On marrying a photographer
In response to a recent post, I received an email from Cait who wrote:
“Like you, my partner shoots with a large format camera and makes treks around the country (and sometimes the world) for his work. He plans to keep this up for the long term. As we plan for our future, marriage and babies included, I can’t help but think about the challenges our partnership and family will face under somewhat fleeting and unpredictable circumstances. I would love to learn about you and your wife’s perspectives on this subject and/or be directed to any personal accounts or resources that you know of on the work-life balance of a photographic family.”

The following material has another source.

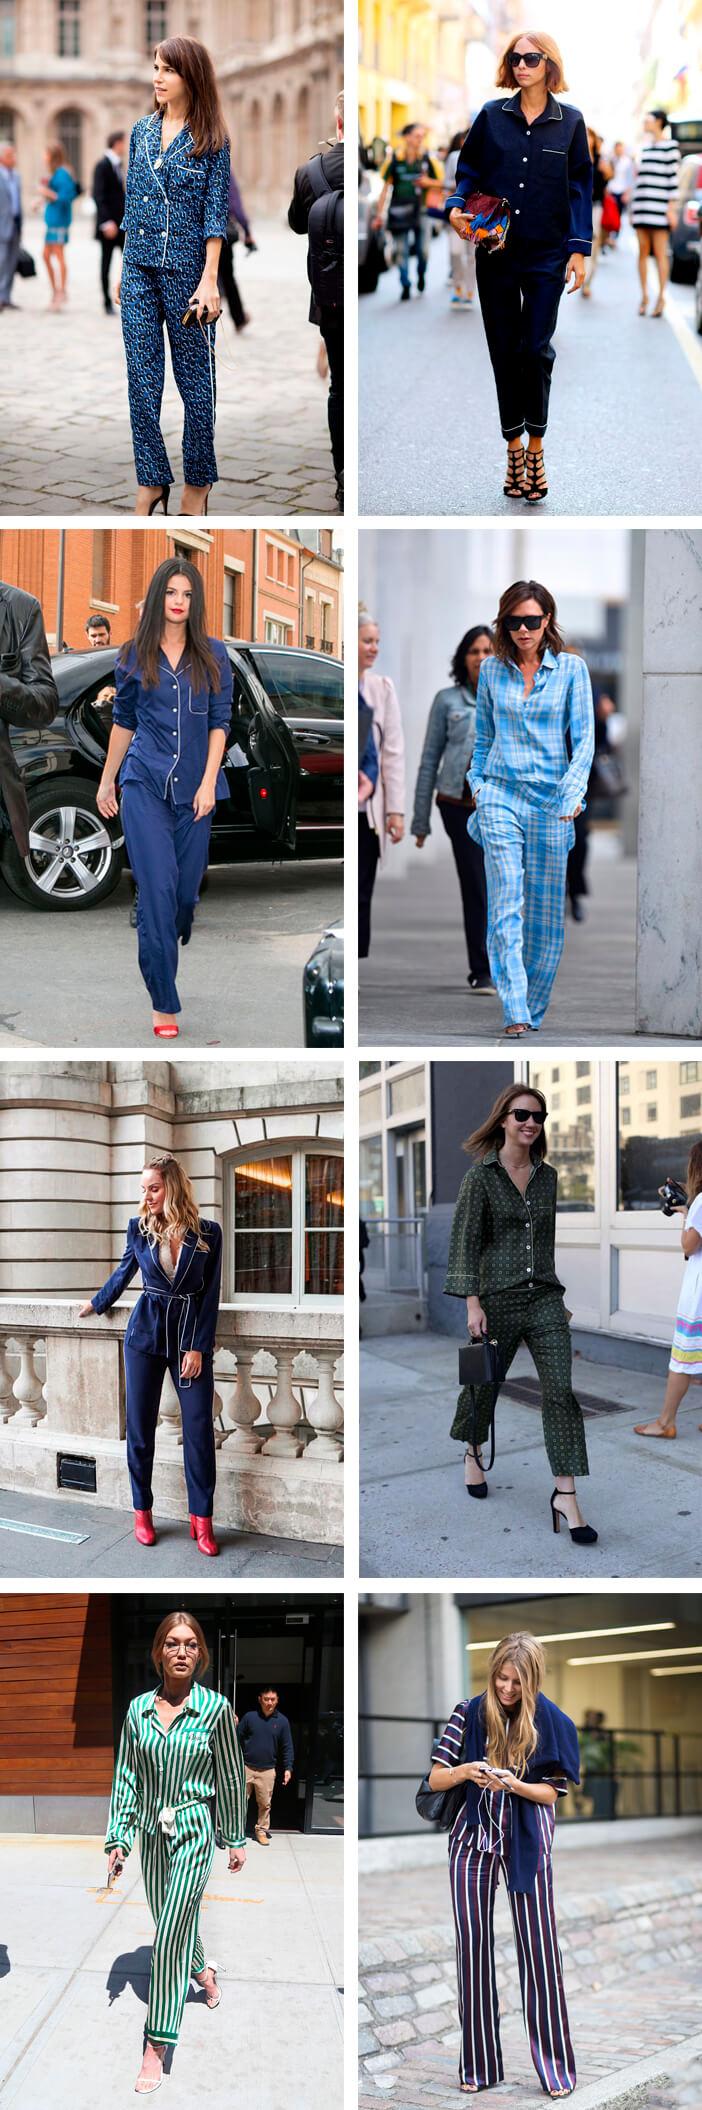 Hot or Not - Conjunto pijama

In thinking about how to reply to this, I first turned to Robert Adams. As regular readers know, I’ve been immersing myself in his work lately. In the new Adams retrospective book, The Place We Live, there is an essay by Jock Reynolds entitled ‘Taken Together’ on the importance of Kerstin Adams in Robert’s life and work. Reynolds paints a fairly remarkable picture of marital harmony:
“Robert began to suspect that he wanted to abandon teaching and become a photographer. Kerstin was characteristically encouraging, and when her employment schedule allowed it, she became his partner in the field. He did most of the driving and she cooked (on a little stove they called “Mother Svea”); at dusk he loaded film holders inside a homemade dark box in the back of their panel truck while she brushed away mosquitoes; in small towns she kept up diversionary conversations with curious onlookers so that he could compose upside down on the view camera’s ground glass; and each day they enjoyed together the sweep of the land and sky, and the privilege of being there.”
As is often the case when I think about Adams, I’m simultaneously impressed and discomfited. When I read about his life I feel like a carnivore reading the menu at a vegan restaurant.
So instead I turn to fellow carnivore Lee Friedlander and his wife Maria (I can’t imagine Adams eating peanut butter, tuna and cheese whiz on crackers!). Nobody has written more honestly about being the spouse of a photographer than Maria Friedlander.
On my old blog, I once quoted her powerful forward to a William Gedney book. Recently I came across Maria Friedlander’s introduction to her husband’s book Family:
“What is this Family Book? Is it our own family album? Is it our pictorial biography? Does this book tell us whether we are, to paraphrase Tolstoy in Anna Karenina, one of those happy families that are all alike or an unhappy family that is unhappy in its own way?”
She later writes:
“A book of pictures doesn’t tell the whole story, so as a biography this one is incomplete. There are no photographs of arguments and disagreements, of the times when we were rude, impatient, and insensitive parents, of frustration, of anger strong enough to consider dissolving the marriage. Lee’s camera couldn’t record our family dysfunctions. There are no photographs of Anna, Tom and Giancarlo during the three years in which they felt it would be better if they didn’t see us, and certainly no photographs of how Lee and I felt during that time. Tolstoy was right – when we’ve been an unhappy family we have been unhappy in our own way.”
Getting back to Cait and her concerns about marrying a photographer, I don’t think there is a good answer. Mixing marriage, kids, travel and artmaking is extremely challenging. It will sometimes be unhappy. “The challenge for artists is just as it is for everyone,” Robert Adams once said to a group of college students, “to face facts and somehow come up with a yes, to try for alchemy.”